Não demorei muito a perceber que aquele mesmo problema que tinha me feito abandonar os blogs de jornalistas, que frequentava lá no começo da minha militancia cibernética, aparecia ali também nas comunidades do Orkut. O problema da superprofusão de postagens, da efemeridade e da superficialidade das discussões e da alta rotatividade de tópicos. Enfim, aquilo tudo que me deixava mais insatisfeito nos blogs do Noblat e do Guilherme Fiuza, estava encontrando ali nas comunidades do Orkut que comecei a frequentar. Se por um lado a quantidade e a disposição dos participantes das comunidades faziam delas tribunas com platéias numerosas e prontas prá ouvir minhas mensagens, por outro essas mensagens acabavam tendo curtíssimo tempo de vida útil. E cá estou de novo ao ponto de partida, investindo num novo projeto de blog próprio. O Orkut continua sendo uma fonte de informação e de inspiração para escrever. Sinto-me provocado quando leio algo com que concorde ou com que discorde e lá mesmo respondo. O que não impede que publique o que lá deixo aqui no meu blog. Surgiram o Facebook e o Twitter, muita gente aposentou o Orkut, mas eu continuo achando que ele é melhor que os demais para a exposição e troca de idéias. Mantenho lá o meu perfil e sigo participando de debates sobre os temas que me interessam com a assiduidade possível.

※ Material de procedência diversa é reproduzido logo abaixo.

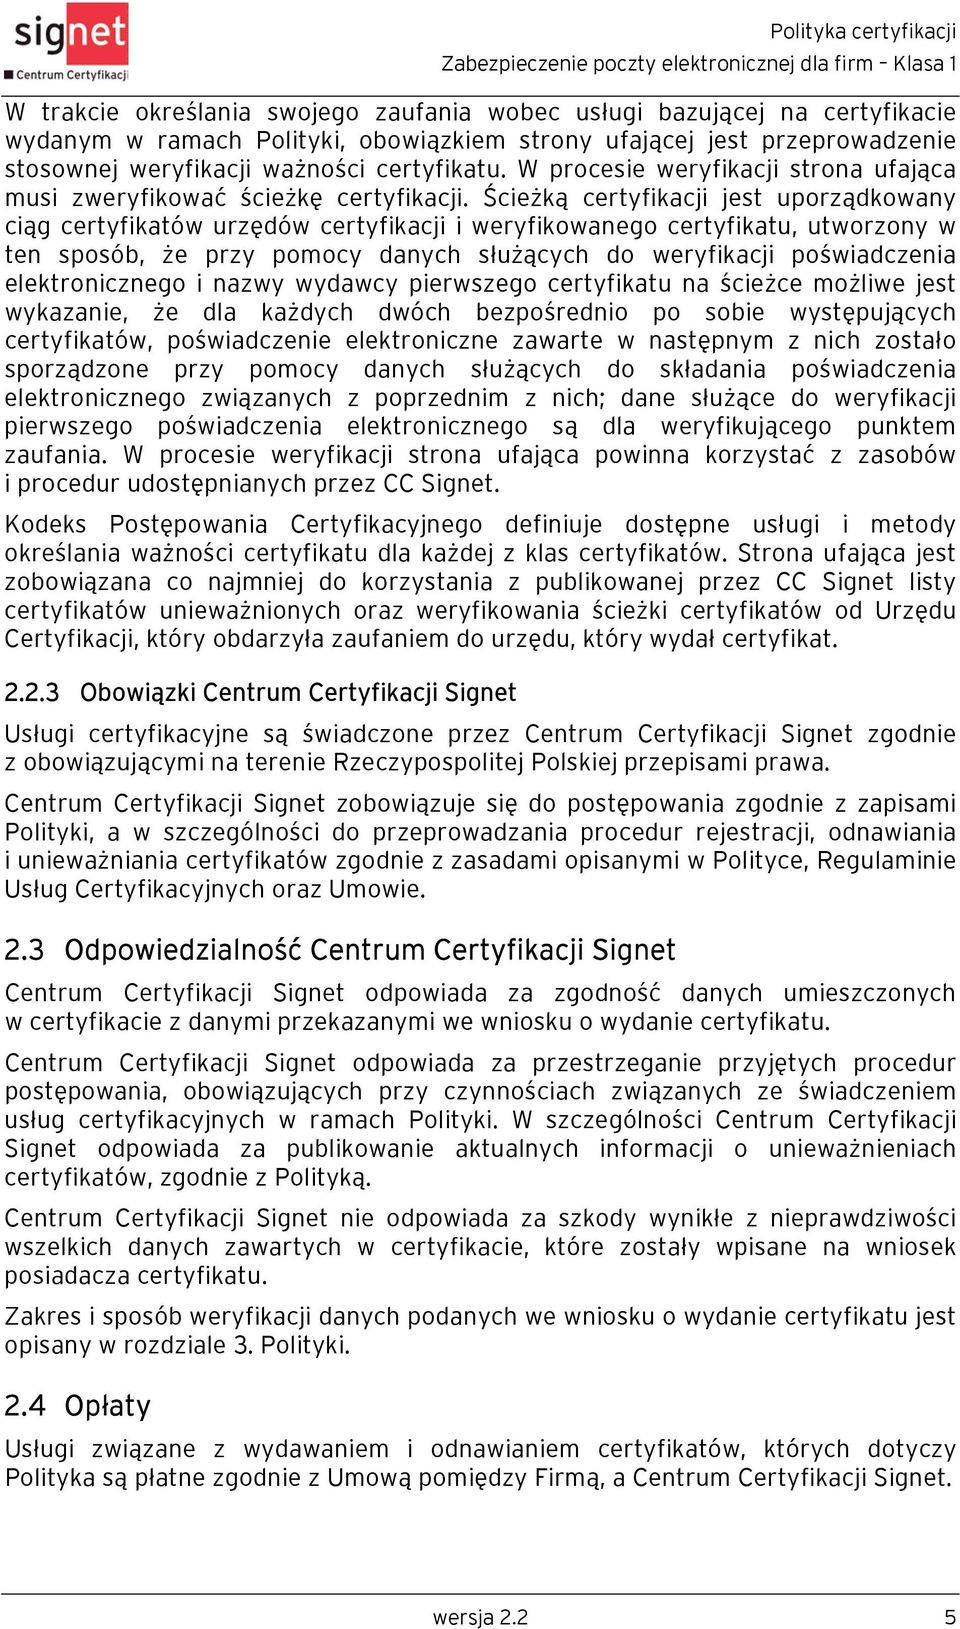 Ścieżką certyfikacji jest uporządkowany ciąg certyfikatów urzędów certyfikacji i weryfikowanego certyfikatu, utworzony w ten sposób, że przy pomocy danych służących do weryfikacji poświadczenia

Neste blog que inauguro agora, eu pretendo fazer um inventário das minhas crenças, reflexões e memórias, registrar notícias, análises e opiniões sobre os fatos do cotidiano da vida pública que me chamem mais a atenção; quero falar sobre moral, filosofia, religião, política e esporte; falar, enfim, sobre o comportamento humano, as relações sociais e o jogo do poder político. Quero fazer desse meu blog a minha sala virtual de visitas. Você, leitor, é meu convidado. Vamos conversar? Entre. Leia. Comente. Seja bem vindo.